Supplied data:
───
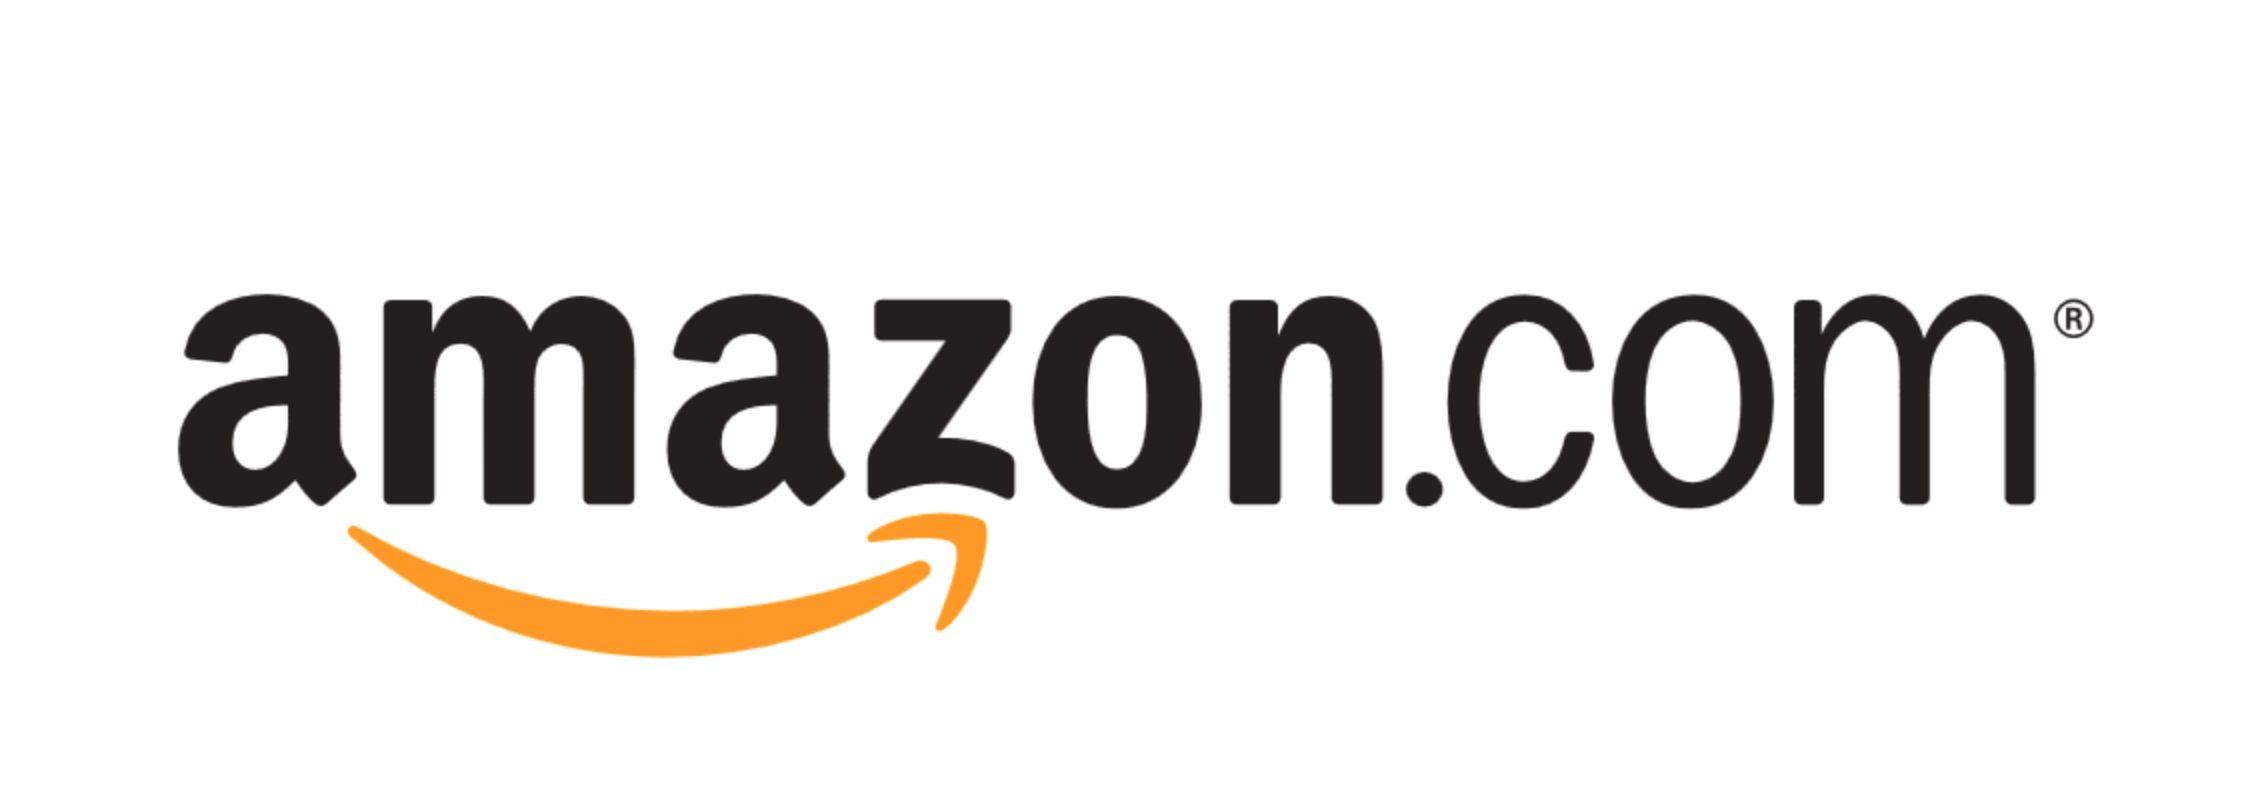 Search Amazon Logo - Amazon Logos
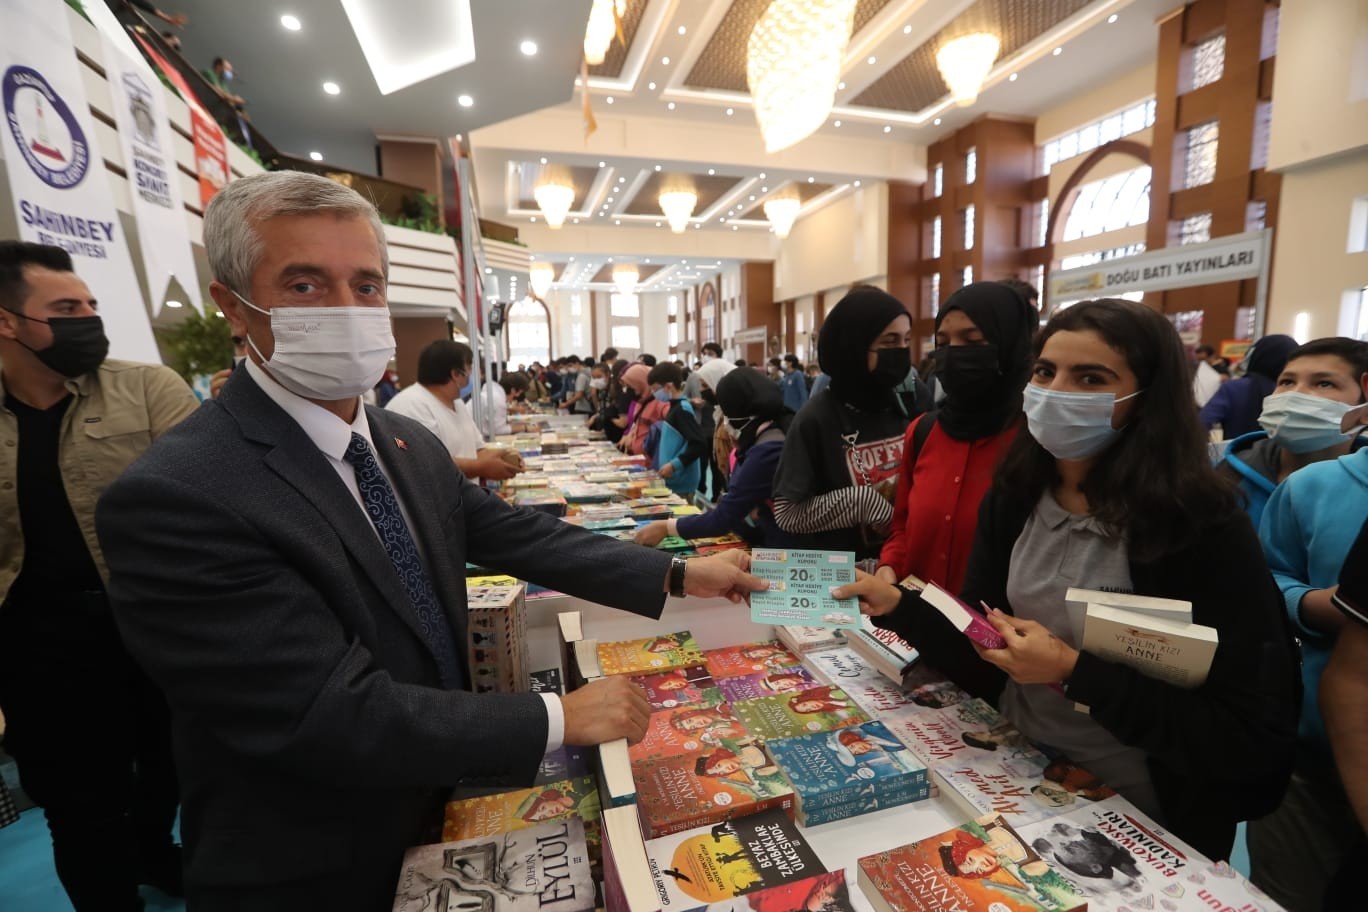 Şahinbey Belediyesi’nden 50 bin öğrenciye 80 TL değerinde kitap hediye çeki #gaziantep
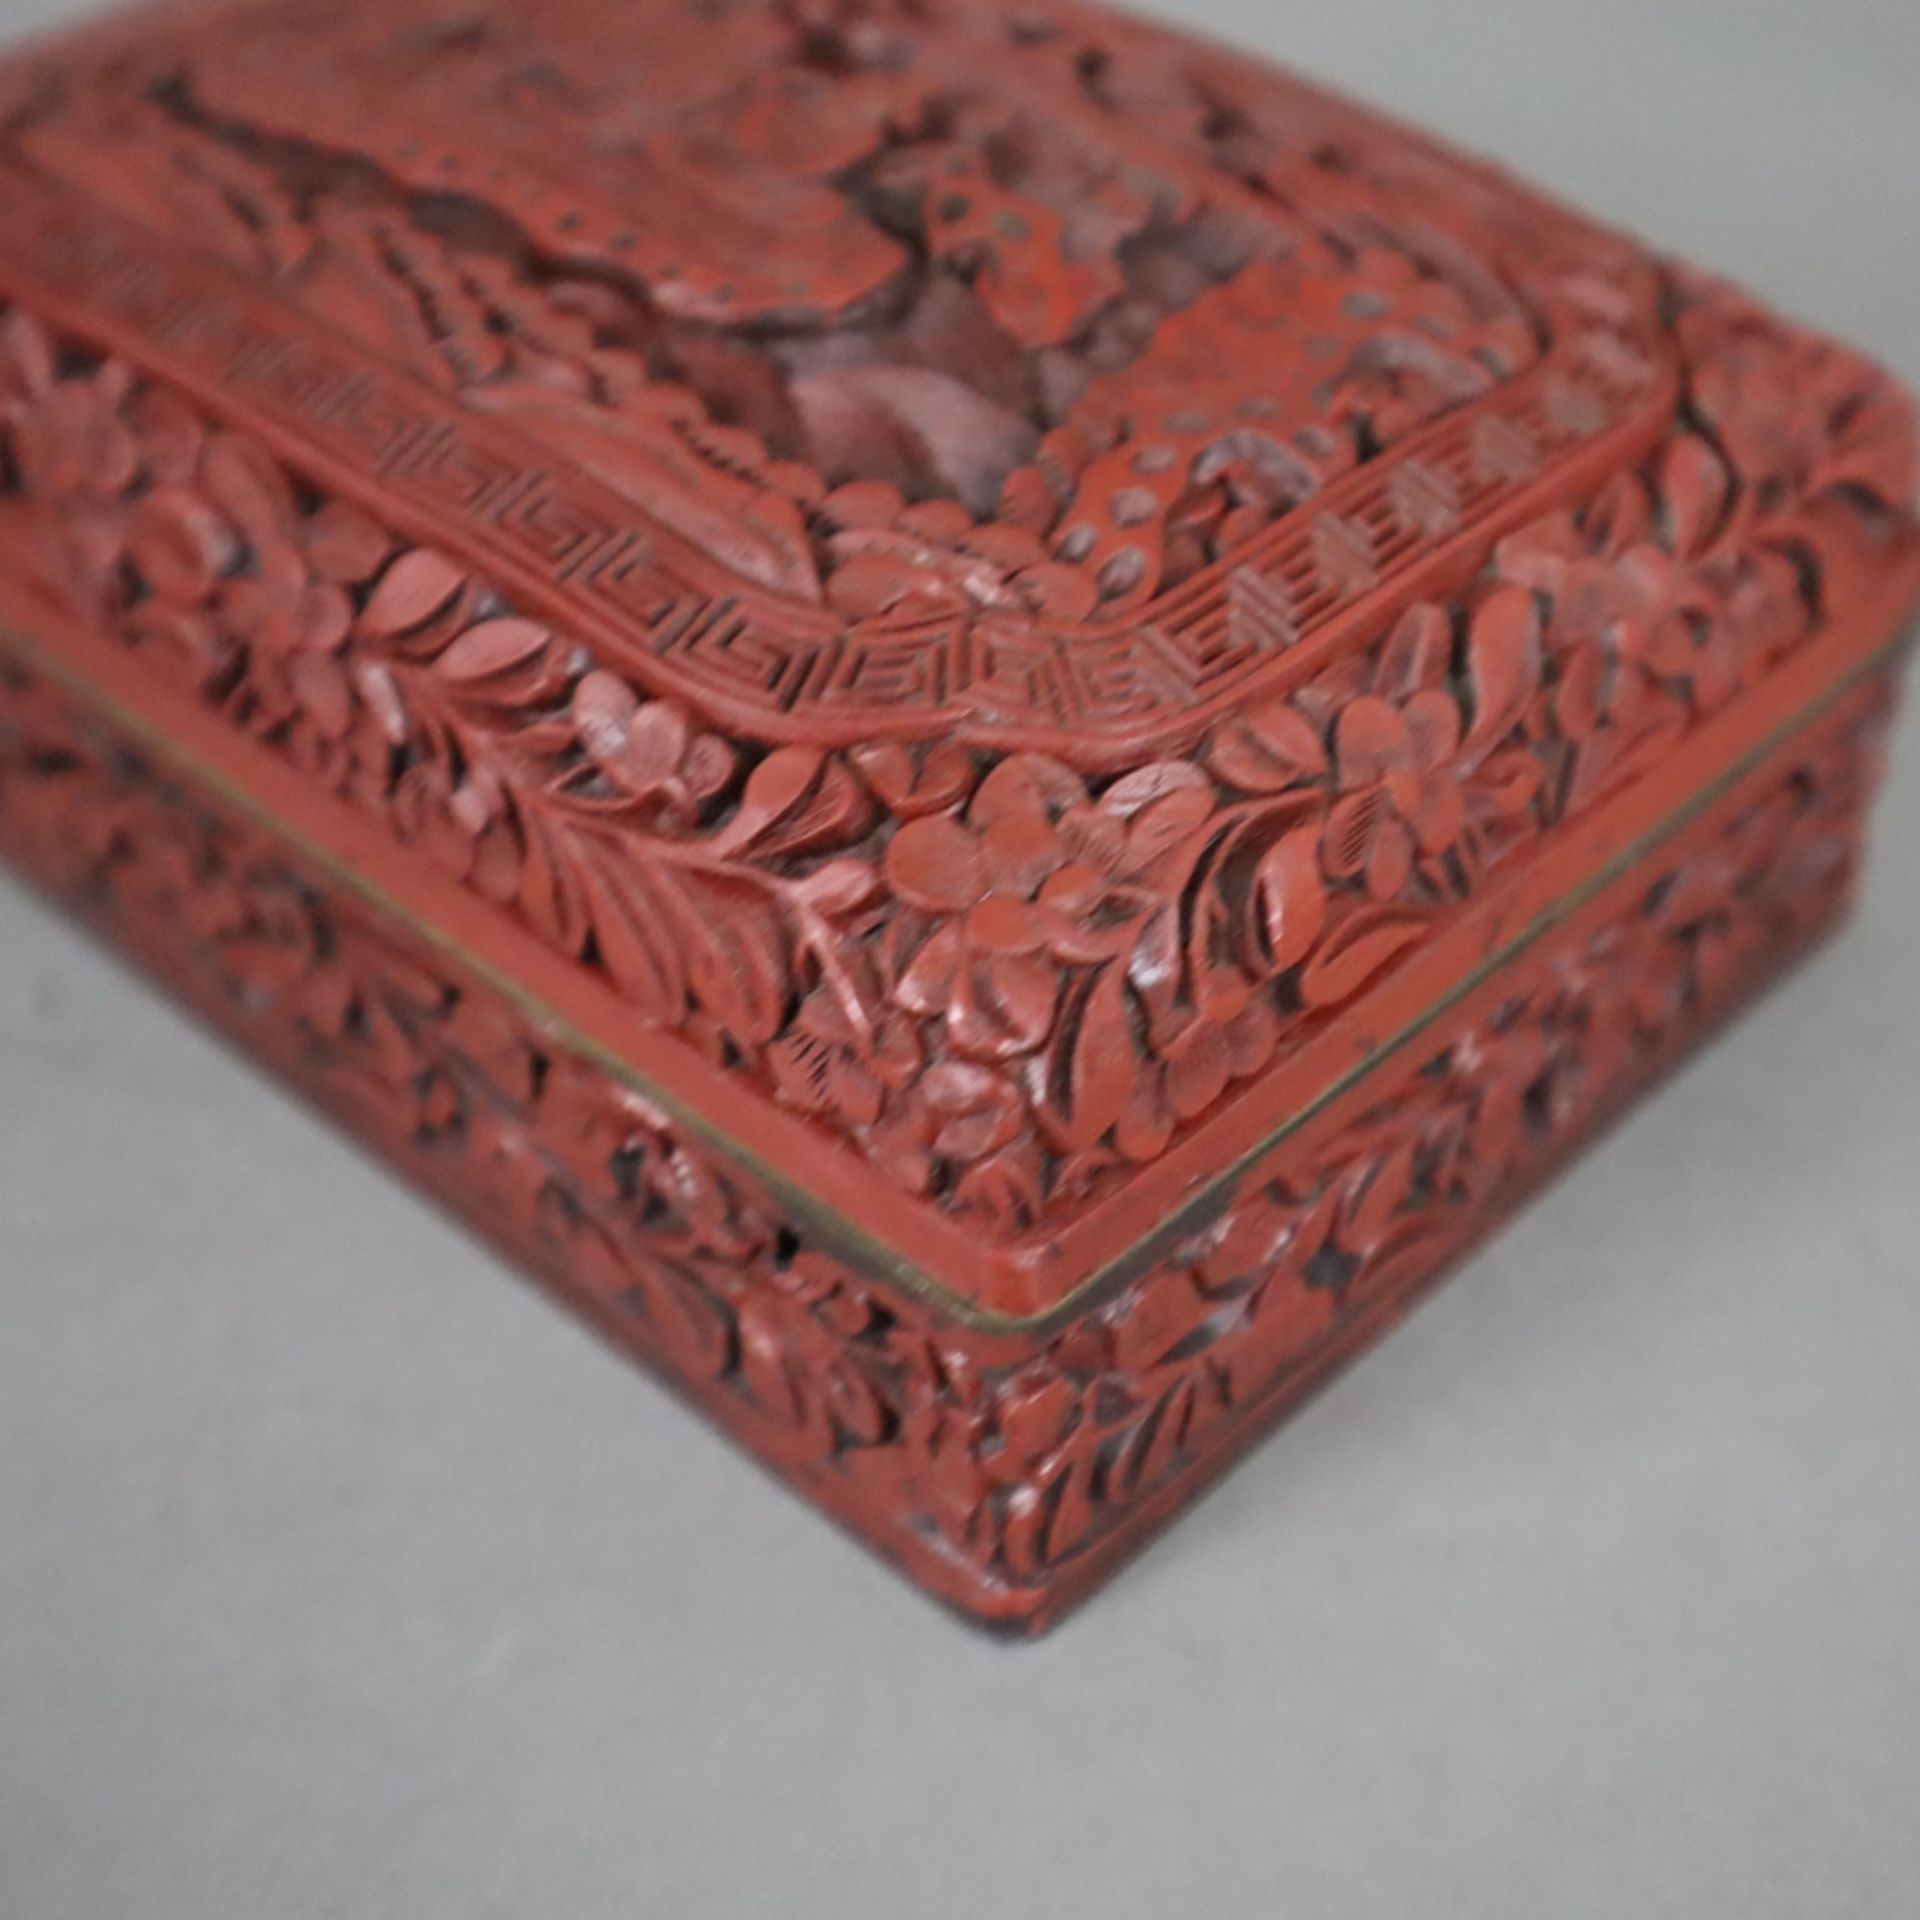 Schnitzlack-Deckeldose - China, Qing-Dynastie, Außenwandung mit rotem Schnitzlack, Unter- und Innen - Image 5 of 7
───
Exercise prompt: Would you please set down the data above again exactly, without its pictures?

The answer:
 Search Amazon Logo - Amazon Logos
 Şahinbey Belediyesi’nden 50 bin öğrenciye 80 TL değerinde kitap hediye çeki #gaziantep
 Schnitzlack-Deckeldose - China, Qing-Dynastie, Außenwandung mit rotem Schnitzlack, Unter- und Innen - Image 5 of 7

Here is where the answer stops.